И сегодня, здесь уже, после похорон окрестил тяжко болящего младенца..
Следователь, перегнувшись через стол, увлеченно рассказывает мне о загадочных
явлениях, происходящих с ним:
— Вот залегли, ждем, когда бандит выйдет из
леса, и вдруг я вижу его, но малюсенького-малюсенького: он ко мне на ладошку
заскочил, и по ладошке прыгает… Молодой хирург, пытавшийся спасти
переломанного тракториста, спрашивает следователя:
— Тебе сколько до
пенсии?
— Полтора года еще, а чего?
— Ну, тебе хочется на заслуженный
отдых?
— Конечно.
— Зайди завтра к нашему психиатру — вот тебе и вторая
группа.
— Не, я серьезно, — не унимается следователь: — Из-за меня
опаснейшего бандита и упустили, а он теперь депутатом стал, теперь уж его никак
не возьмешь… И много раз уже было: пригляжусь, а людишки — на ладони
помещаются. Что это за таинственное явление?..
— Шизофрения, — доходчиво
поясняет хирург.
— Как вы считаете, батюшка, — спрашивает самый младший из
братьев, тоже тракторист, и тоже, похоже, пьяница: — Можно ли его держать на
такой должности?..
Тут вдруг отец покойного начинает вспоминать, как
прошлой весной в этой же деревне хоронили лесничего, угоревшего на печи: ручей
тогда сильно разлился, мост оказался под водой, и грузовик, перевозивший
лесничего, заглох на мосту. Гроб всплыл, и плавал в кузове, пока не подогнали
трактор и не подцепили машину на буксир. Я был здесь в тот день: помню, как
мужикам долго не удавалось подогнать лодку точно к машине, чтобы накинуть трос:
мужики были пьяны, то и дело промахивались, один из них даже вывалился из лодки,
но, по счастью, сумел вскарабкаться на капот — только тогда им удалось завершить
дело. Лесничий угорел тоже, конечно, спьяну и долго пролежал на горячей
печи…
— А чернехонек стал! — изумленно восклицает хозяин дома. — Его,
паря, и открывать не стали. Но я зашел… по-соседски… и все, паря, видел:
чернехонек — натурально негр!.. Сперва нажрался, значит, потом нажарился, а под
конец еще и поплыл — ну, паря, веселые похороны были! — он почти кричит, чтобы
его слышно было сквозь все прочие разговоры.
— Бы-ы-ва-ли дни
ве-э-се-э-лы-е, — в соседней комнате кто-то нашел гармошку. Женщины урезонивают
его, и он затихает.
Тут мужики, копавшие могилу, начинают спорить, на
сколько нынче промерзла земля: семьдесят сантиметров или всего шестьдесят
пришлось им вырезать бензопилами, прежде чем взять лопаты.
— Товарищ
поп! — это, наверняка, ветеран колхозного строительства. — Вас просят местные
гражданочки…
На крыльце бабушки — исповедоваться. Облачаюсь, читаю
молитвы… Из дома вылетают двое рассорившихся копалей и начинают крушить друг
друга. Мы с бабками разнимаем их, разводим — одного на улицу, другого — обратно
в избу, а сами возвращаемся к своему таинственному занятию… Мне пора ехать, но
я не нахожу ни одного человека, который был бы в состоянии отвезти меня. Женщины
отправляются искать по деревне трезвого шофера, и в это время к избе подкатывает
почтовый фургон: в сельце, километров за сорок, умер начальник почты, завтра
похороны, не соглашусь ли я..? Как не согласиться: мы отказываться не вправе.

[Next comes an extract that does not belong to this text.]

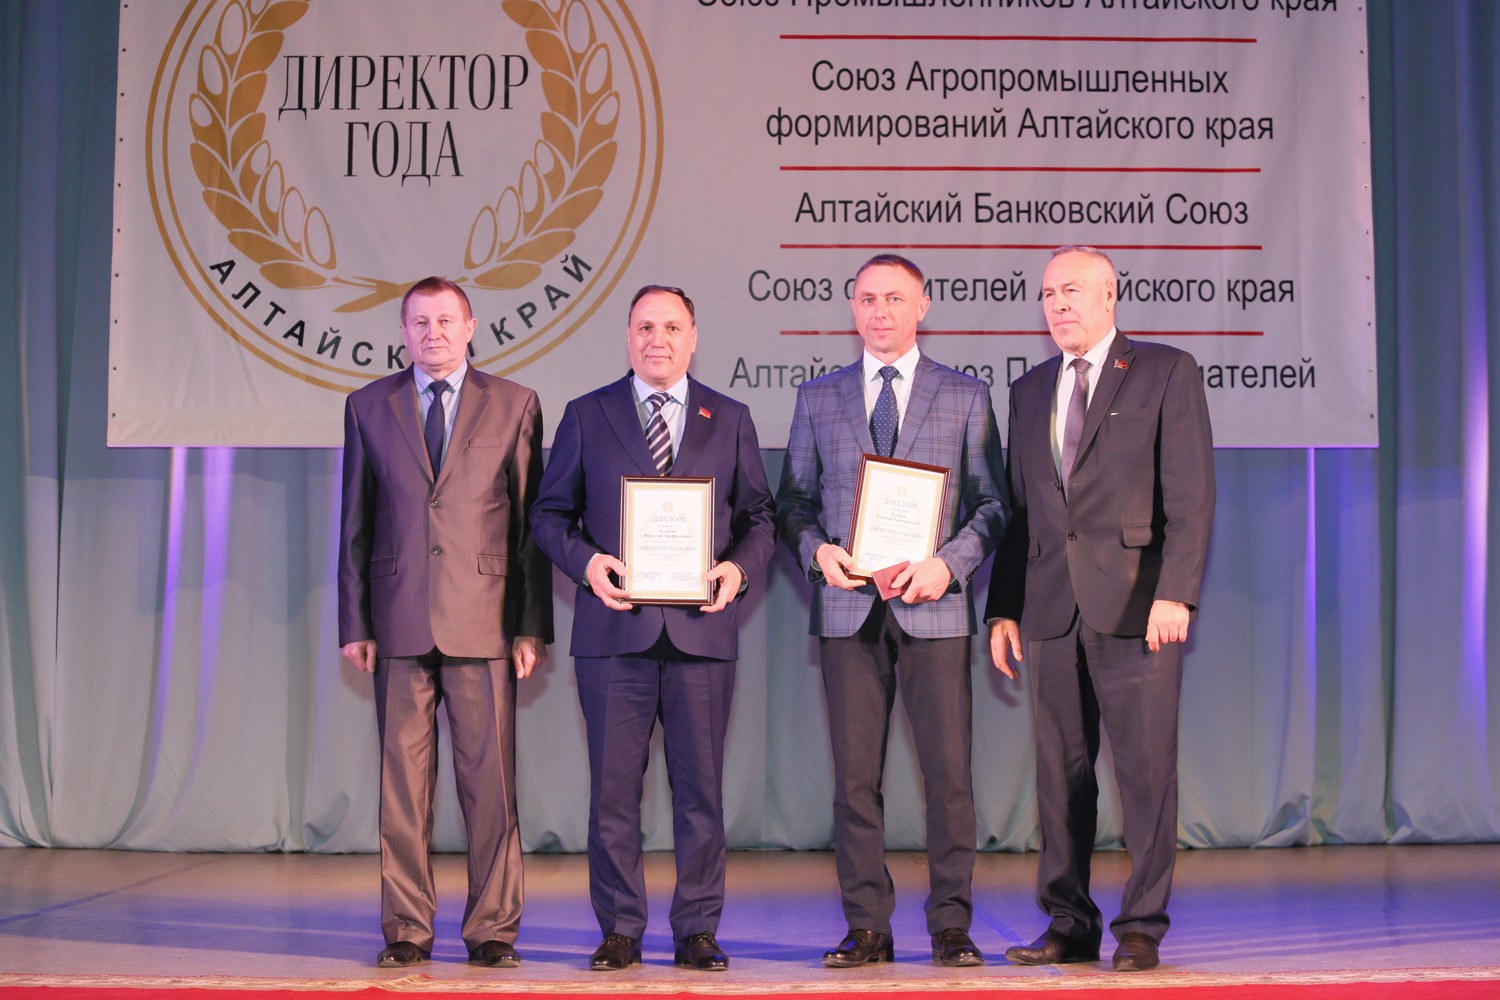 Конкурс директоров. Алтайский банковский Союз. Победители 15 ежегодного конкурса директор года.
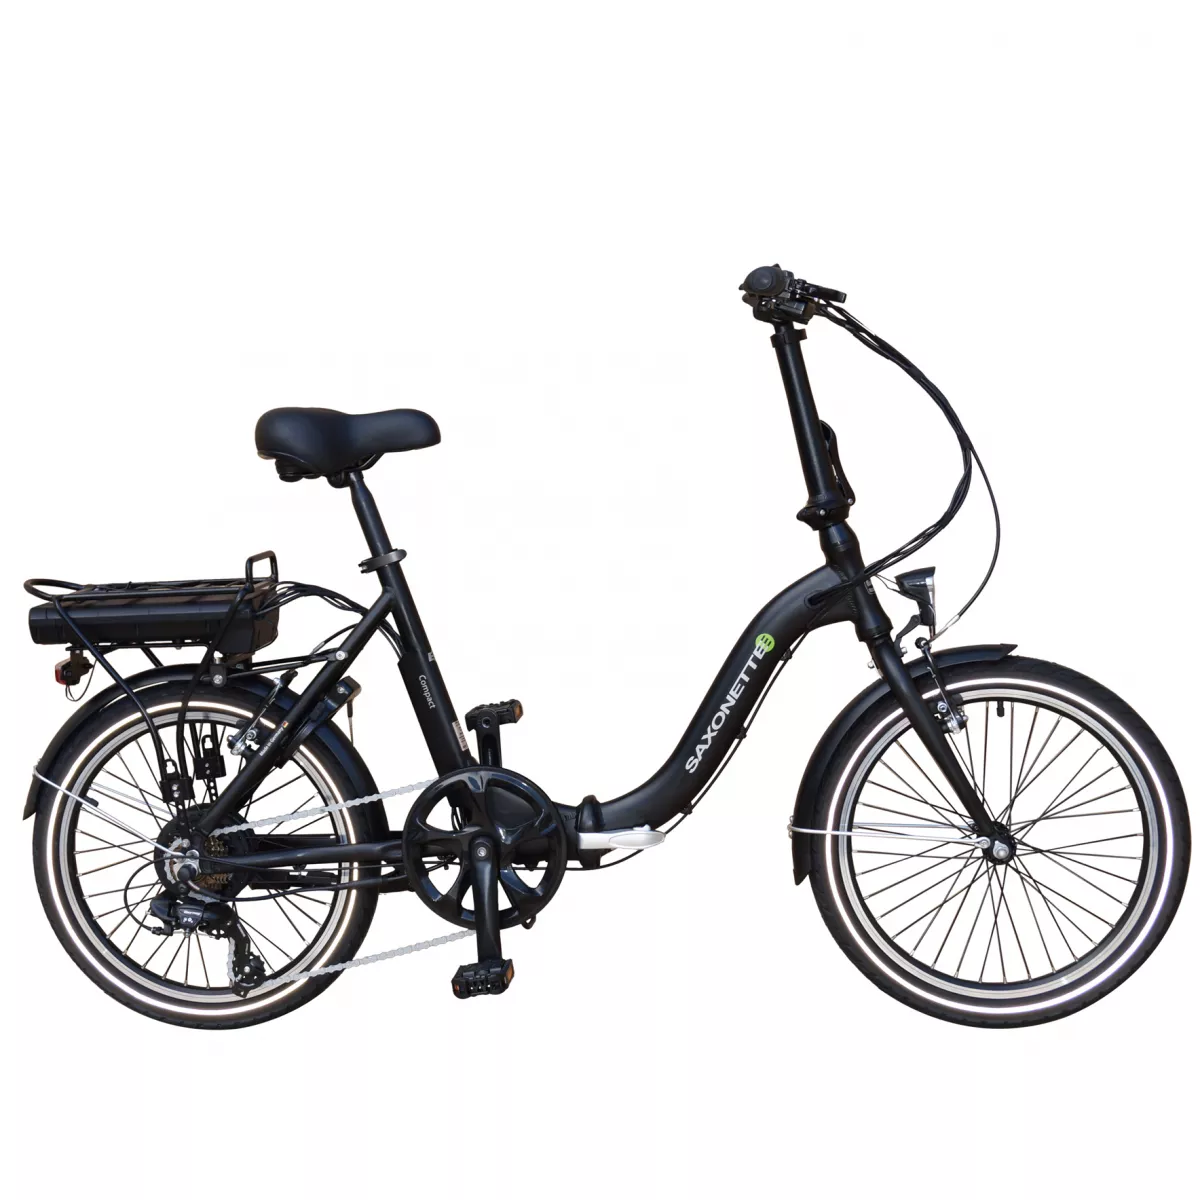 Bicicleta electrica pliabila compact E-BIKE SAXONETTE, roata 20 inch, cadru aluminiu, transmisie SHIMANO 7 viteze, culoare negru

Только чтобы к вечеру обязательно привезли домой: послезавтра
богослужение…
По дороге водитель то и дело нервно вздыхает и, наконец,
решительно спрашивает меня: — Отчего на наше село нынче такая напасть — каждую
неделю кто-нибудь да умирает, и в основном — мужики? Полсела, почитай, — одни
вдовы с ребятишками и остались… Старухи говорят: прямо, как в сорок пятом…
Может, нам — того… «сделано»?.. Так теперь спрашивают меня в каждой деревне…
Земля и небо
Весной из далекого северного города привезли огромный металлический крест для
увенчания храма. Вообще-то в городе том раньше строили подводные лодки, но после
того, как всякое полезное созидание прекратилось, подводных дел мастера были
рады изготовить хоть что. Вот и крест для Божьего храма соорудили из
долговечного сплава. Конечно, лучше бы они лодки свои клепали — с крестом мы,
пожалуй, и сами управились бы. Без секретных технологий… Но что говорить об
этом, когда народ Отечества нашего выбрал себе в правители своих же наипервейших
врагов?..1 Словом: они нам — крест для моления, мы им — корову для пропитания.
И вот в теплый, почти жаркий, весенний день, когда на пригорках вовсю
зазеленела трава — пышная, яркая, не примятая ни зноем, ни ветрами, ни ливнями и
даже не тронутая пылью, совершили мы молебен перед крестом, стоявшим еще на
земле: в основании креста располагался широкий металлический барабан, так что
все cооружение было вполне устойчиво. Потом я окропил конструкцию святою водой и
благословил крановщика на богоугодное действие. Тут и произошло между некоторыми
первое взаимонепонимание.
Надо сказать, что народу собралось число
значительное. Во-первых, конечно, событие это — водружение креста — само по себе
торжественно и не лишено некоей тайны, что в глазах общества особо
подчеркивалось прибытием единственного в районе автокрана с выдвижною стрелою.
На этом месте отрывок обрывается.